Copy every record below exactly.

• **Extracted records**
--------------------------------

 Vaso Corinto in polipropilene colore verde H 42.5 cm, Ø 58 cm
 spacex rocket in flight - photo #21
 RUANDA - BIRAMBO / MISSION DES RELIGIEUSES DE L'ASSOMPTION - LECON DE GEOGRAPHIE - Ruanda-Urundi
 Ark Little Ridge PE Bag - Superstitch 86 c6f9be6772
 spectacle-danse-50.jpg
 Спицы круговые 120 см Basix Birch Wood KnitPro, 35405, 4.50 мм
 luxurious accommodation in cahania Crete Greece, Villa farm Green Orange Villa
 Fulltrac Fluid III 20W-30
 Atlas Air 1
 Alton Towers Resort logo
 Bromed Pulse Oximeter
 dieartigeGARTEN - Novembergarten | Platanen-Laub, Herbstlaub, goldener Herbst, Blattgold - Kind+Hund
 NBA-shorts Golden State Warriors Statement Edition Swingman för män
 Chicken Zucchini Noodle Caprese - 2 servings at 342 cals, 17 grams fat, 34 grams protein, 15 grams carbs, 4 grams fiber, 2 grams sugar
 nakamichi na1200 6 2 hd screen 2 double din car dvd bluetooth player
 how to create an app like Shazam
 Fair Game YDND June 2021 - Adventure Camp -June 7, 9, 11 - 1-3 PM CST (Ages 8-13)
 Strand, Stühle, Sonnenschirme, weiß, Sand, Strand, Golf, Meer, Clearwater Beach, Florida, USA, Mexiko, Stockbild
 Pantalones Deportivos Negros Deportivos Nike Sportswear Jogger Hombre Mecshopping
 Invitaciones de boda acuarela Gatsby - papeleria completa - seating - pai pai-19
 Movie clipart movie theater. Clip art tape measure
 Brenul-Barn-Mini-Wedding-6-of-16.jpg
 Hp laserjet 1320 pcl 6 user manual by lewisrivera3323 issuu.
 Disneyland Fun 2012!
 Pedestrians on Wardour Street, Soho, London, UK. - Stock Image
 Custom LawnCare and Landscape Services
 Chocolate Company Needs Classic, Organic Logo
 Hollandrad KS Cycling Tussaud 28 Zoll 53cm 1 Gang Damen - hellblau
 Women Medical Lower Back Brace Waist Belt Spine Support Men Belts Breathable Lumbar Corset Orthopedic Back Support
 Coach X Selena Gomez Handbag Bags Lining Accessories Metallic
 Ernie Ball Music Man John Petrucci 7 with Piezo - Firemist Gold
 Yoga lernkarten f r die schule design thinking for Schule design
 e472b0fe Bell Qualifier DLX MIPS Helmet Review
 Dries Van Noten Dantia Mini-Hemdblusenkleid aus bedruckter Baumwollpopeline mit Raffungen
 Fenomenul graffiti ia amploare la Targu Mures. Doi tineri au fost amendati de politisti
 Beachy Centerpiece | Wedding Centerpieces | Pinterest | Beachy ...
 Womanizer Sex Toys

--------------------------------

• **Exercise solution**
 Vaso Corinto in polipropilene colore verde H 42.5 cm, Ø 58 cm
 spacex rocket in flight - photo #21
 RUANDA - BIRAMBO / MISSION DES RELIGIEUSES DE L'ASSOMPTION - LECON DE GEOGRAPHIE - Ruanda-Urundi
 Ark Little Ridge PE Bag - Superstitch 86 c6f9be6772
 spectacle-danse-50.jpg
 Спицы круговые 120 см Basix Birch Wood KnitPro, 35405, 4.50 мм
 luxurious accommodation in cahania Crete Greece, Villa farm Green Orange Villa
 Fulltrac Fluid III 20W-30
 Atlas Air 1
 Alton Towers Resort logo
 Bromed Pulse Oximeter
 dieartigeGARTEN - Novembergarten | Platanen-Laub, Herbstlaub, goldener Herbst, Blattgold - Kind+Hund
 NBA-shorts Golden State Warriors Statement Edition Swingman för män
 Chicken Zucchini Noodle Caprese - 2 servings at 342 cals, 17 grams fat, 34 grams protein, 15 grams carbs, 4 grams fiber, 2 grams sugar
 nakamichi na1200 6 2 hd screen 2 double din car dvd bluetooth player
 how to create an app like Shazam
 Fair Game YDND June 2021 - Adventure Camp -June 7, 9, 11 - 1-3 PM CST (Ages 8-13)
 Strand, Stühle, Sonnenschirme, weiß, Sand, Strand, Golf, Meer, Clearwater Beach, Florida, USA, Mexiko, Stockbild
 Pantalones Deportivos Negros Deportivos Nike Sportswear Jogger Hombre Mecshopping
 Invitaciones de boda acuarela Gatsby - papeleria completa - seating - pai pai-19
 Movie clipart movie theater. Clip art tape measure
 Brenul-Barn-Mini-Wedding-6-of-16.jpg
 Hp laserjet 1320 pcl 6 user manual by lewisrivera3323 issuu.
 Disneyland Fun 2012!
 Pedestrians on Wardour Street, Soho, London, UK. - Stock Image
 Custom LawnCare and Landscape Services
 Chocolate Company Needs Classic, Organic Logo
 Hollandrad KS Cycling Tussaud 28 Zoll 53cm 1 Gang Damen - hellblau
 Women Medical Lower Back Brace Waist Belt Spine Support Men Belts Breathable Lumbar Corset Orthopedic Back Support
 Coach X Selena Gomez Handbag Bags Lining Accessories Metallic
 Ernie Ball Music Man John Petrucci 7 with Piezo - Firemist Gold
 Yoga lernkarten f r die schule design thinking for Schule design
 e472b0fe Bell Qualifier DLX MIPS Helmet Review
 Dries Van Noten Dantia Mini-Hemdblusenkleid aus bedruckter Baumwollpopeline mit Raffungen
 Fenomenul graffiti ia amploare la Targu Mures. Doi tineri au fost amendati de politisti
 Beachy Centerpiece | Wedding Centerpieces | Pinterest | Beachy ...
 Womanizer Sex Toys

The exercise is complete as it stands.